**WORK TO BE COMPLETED:** In the entries that follow, the lines from the line containing "Interior shot of Tampa Catholic classroom" up to and including the line containing "Patagonia Fleece Pullover Sweatshirt - 4" must be copied exactly, with pictures omitted.

**INPUT DATA:**
════════════════
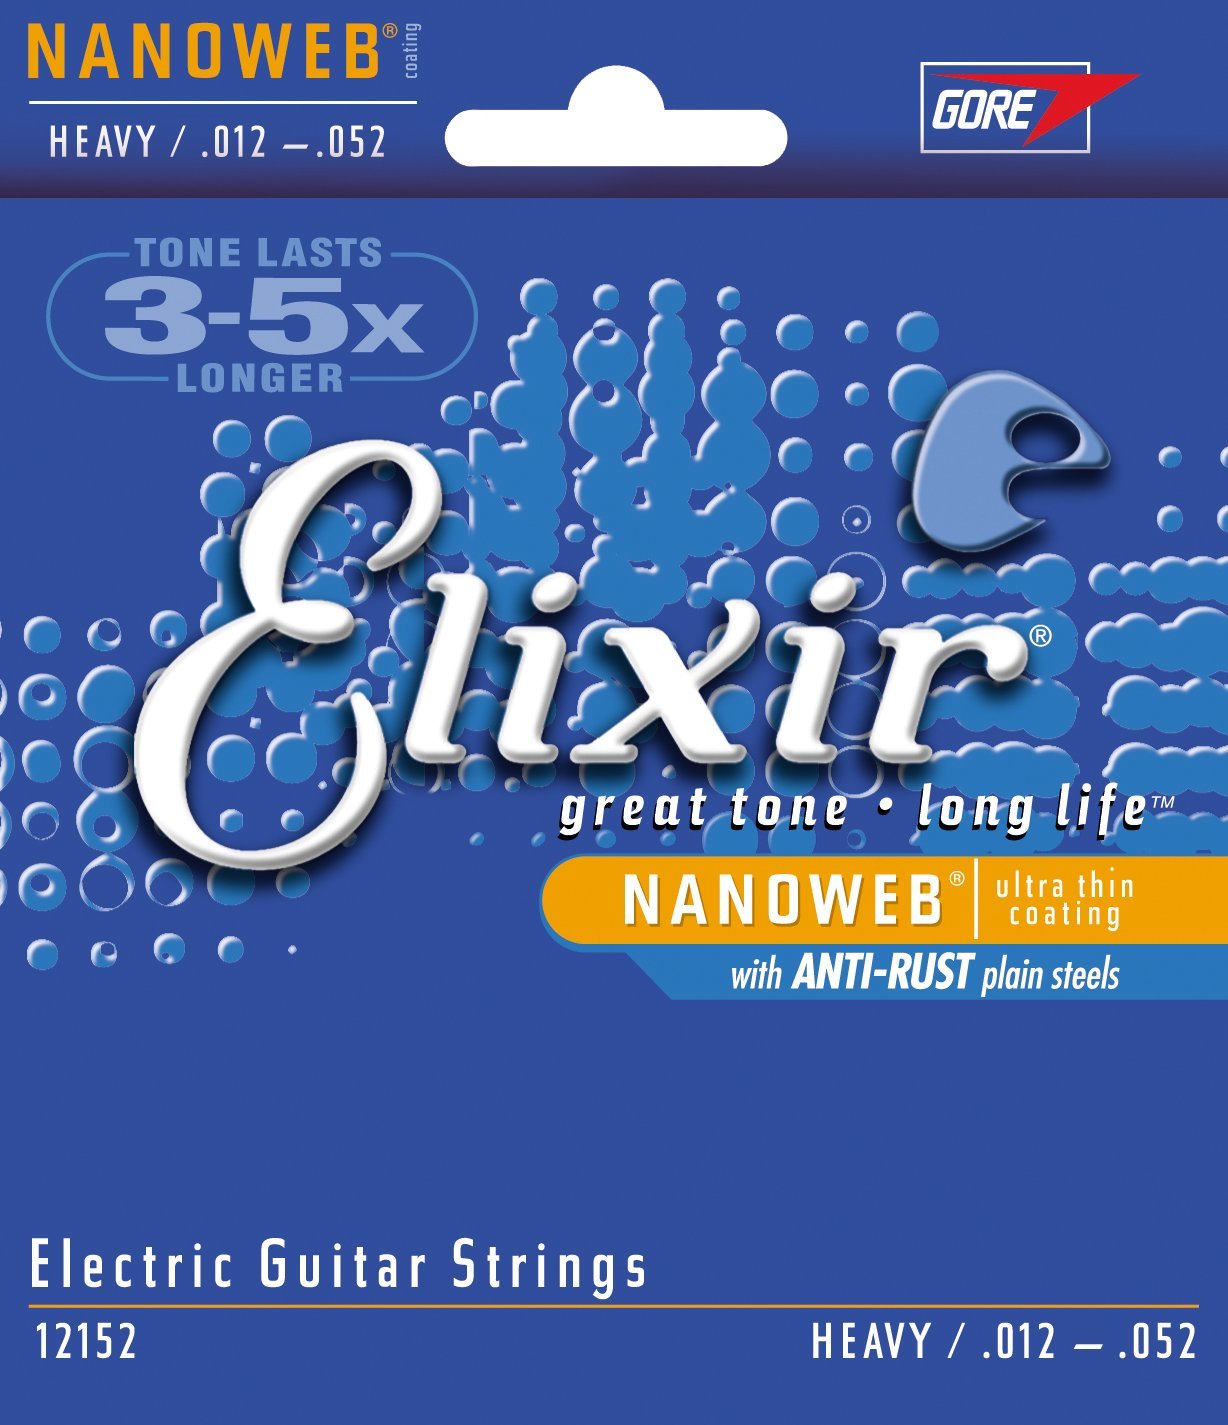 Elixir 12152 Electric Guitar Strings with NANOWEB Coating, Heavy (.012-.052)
════════════════
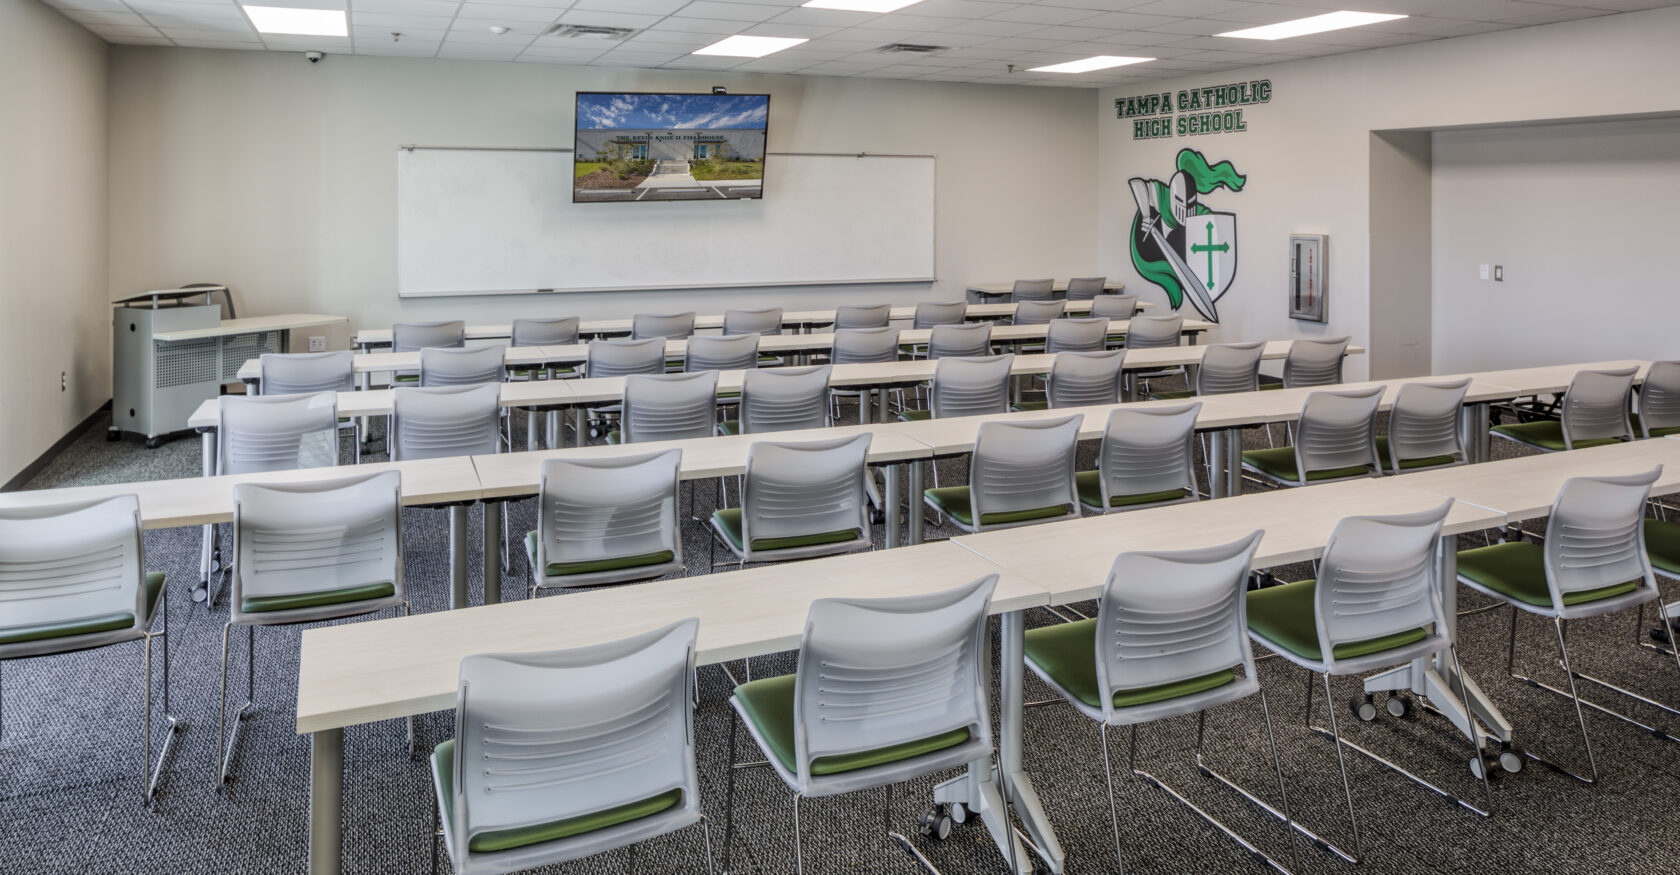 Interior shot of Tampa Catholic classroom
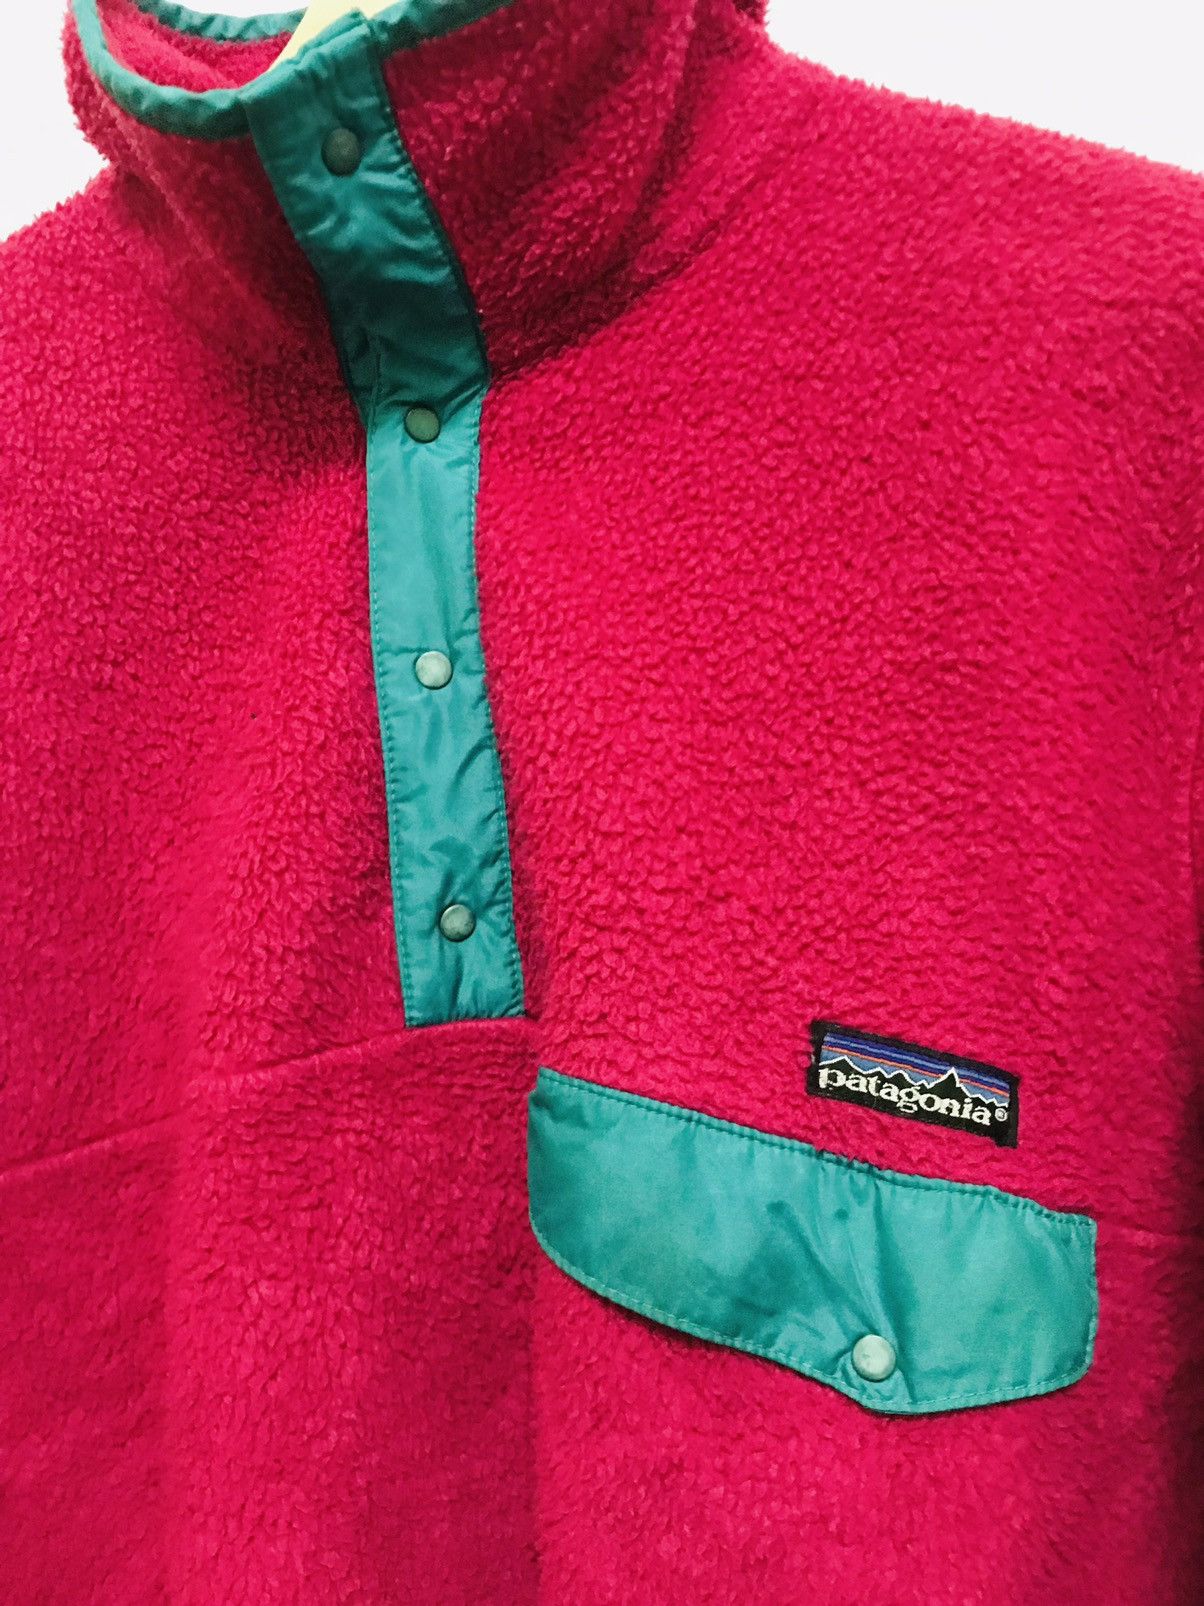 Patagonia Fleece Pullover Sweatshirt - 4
════════════════
**YOUR RESPONSE:**
 Interior shot of Tampa Catholic classroom
 Patagonia Fleece Pullover Sweatshirt - 4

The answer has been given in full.